Carlos teaches about the symbols & structure of the tarot not any made up secret symbols.
not made up ?
tarocchi.net said:
El Tarot, en el revestimiento gráfico presentado en el mazo de Nicolás Conver del 1760, es originario del siglo I d.C. y ha sido relaborado precisamente en tierras provenzales cerca de Santa María Magdalena y de un grupo de iniciados gnósticos discípulos suyos. En los siglos siguientes, las representaciones de este primer modelo originario han sido custodiadas y transmitidas por una orden monástica, fundada por el monje Juan Casiano.
tarocchi.net said:
The tarot,on the graphic form it takes in the 1760 Nicolás Conver deck, dates from the first century A.D. and was designed precisely in Provence near Saint Marie Magdalene and a group of gnostic initiates who were her disciple. In the following centuries, representations of this first original model were kept and transmitted by a monastic order, founded by the monk John Cassien.
my bullshit-o-meter just exploded...
Camoin also focuses on the first century, Marie Magdalene, so if it is not related to Camoin they seem to share many views. They also use a similar disposition of the trumps as seen here :
http://www.tarocchi.net/fr/Modle_Esotrique_57 (which is quite obvious since there are not many ways to display 22 cards in a readable fashion).
http://lacroixceltique.blogspot.fr/2012/01/les-origines-du-tarot-de-marseille-par.html also confirms that Camoin's theories spot the same mystical origin.
It shall be noted that in an interview dating from about 5 years, Jodorowsky (who knows the man quite closely) speaking about Camoin's Magadelenic theories wrote "these are Camoin's extravagancies".
http://chroniquesdasteline.blogspot.be/2014/03/entretien-avec-alejandro-jodorowsky.html
(not that I am a Jodorowsky fan neither).
Those people don't seem to consider the tarot as a playing card game - which is also a problem since there are no trace of tarot before the first known references to playing cards.

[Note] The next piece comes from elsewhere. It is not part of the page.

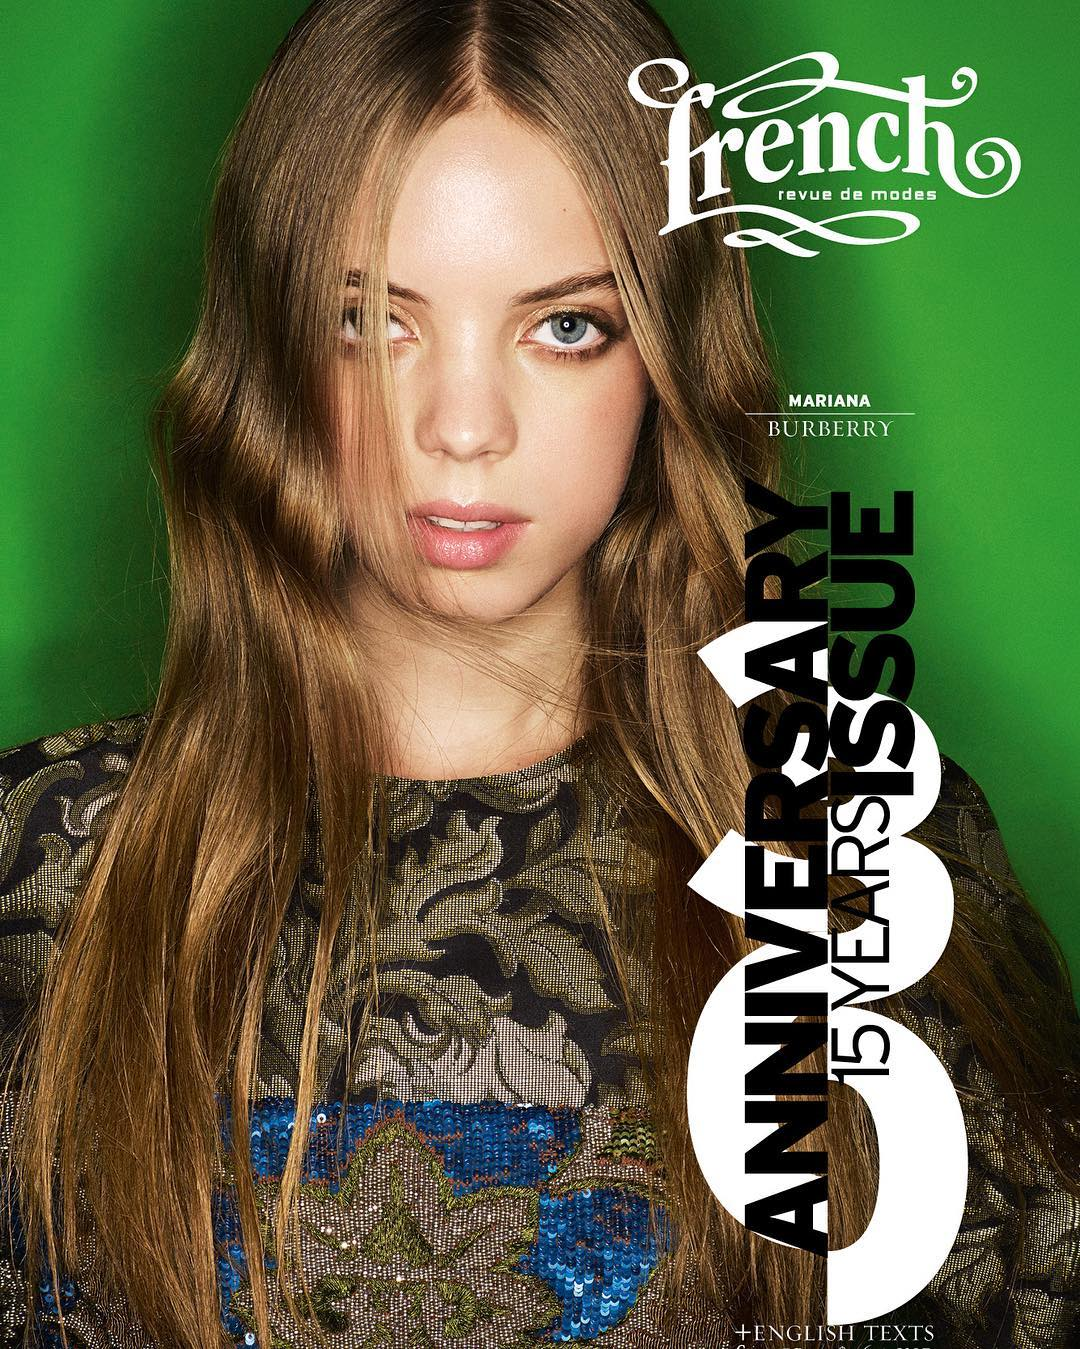 Mariana Zaragoza covers French Revue de Modes No. 30

When someone starts by saying "tarot - before being a playing card game" then that someone can say whatever he wants about whatever he feels necessary.
This is apparently related to the "saint maximin" connection, where the alleged Marie Madgalene's relics are supposed to be kept, which is also a well known and strong magnet for lunatics. According to that kind of theories the link to tarot resides in the fact that it has 22 trumps which would correspond to Saint John's apocalypse 22 chapters - what about the remaining 56 cards, the story don't tell...
Why Jean Cassien ? Well when you want to force things together, you need someone from around Marseille (with a litte link to Egypt for the mystery) in the early times of the Christiandom, Cassien is logically a handy nearby suspect. That's what happen when an imaginary reconstruction tries to compensate a total lack of historical study.
Obviously to accept such theories you must pretend to forget that tarot appeared in Marseille much later than it did in Italy and other regions of France (including Lyon and Paris). Oh wait that's precisely because "tarot" is not "tarot" but a secret teaching, that was kept so secret that it seemingly appeared first in Italy, but in reality it came from Marseille. And by a wonderful chance, the name "tarot de Marseille" was used in the late XIXth century while it was never used before, probably because some great secret initiates (Papus and Romain Merlin) decided that it deserved to be linked to its real secret history. This makes perfect sense.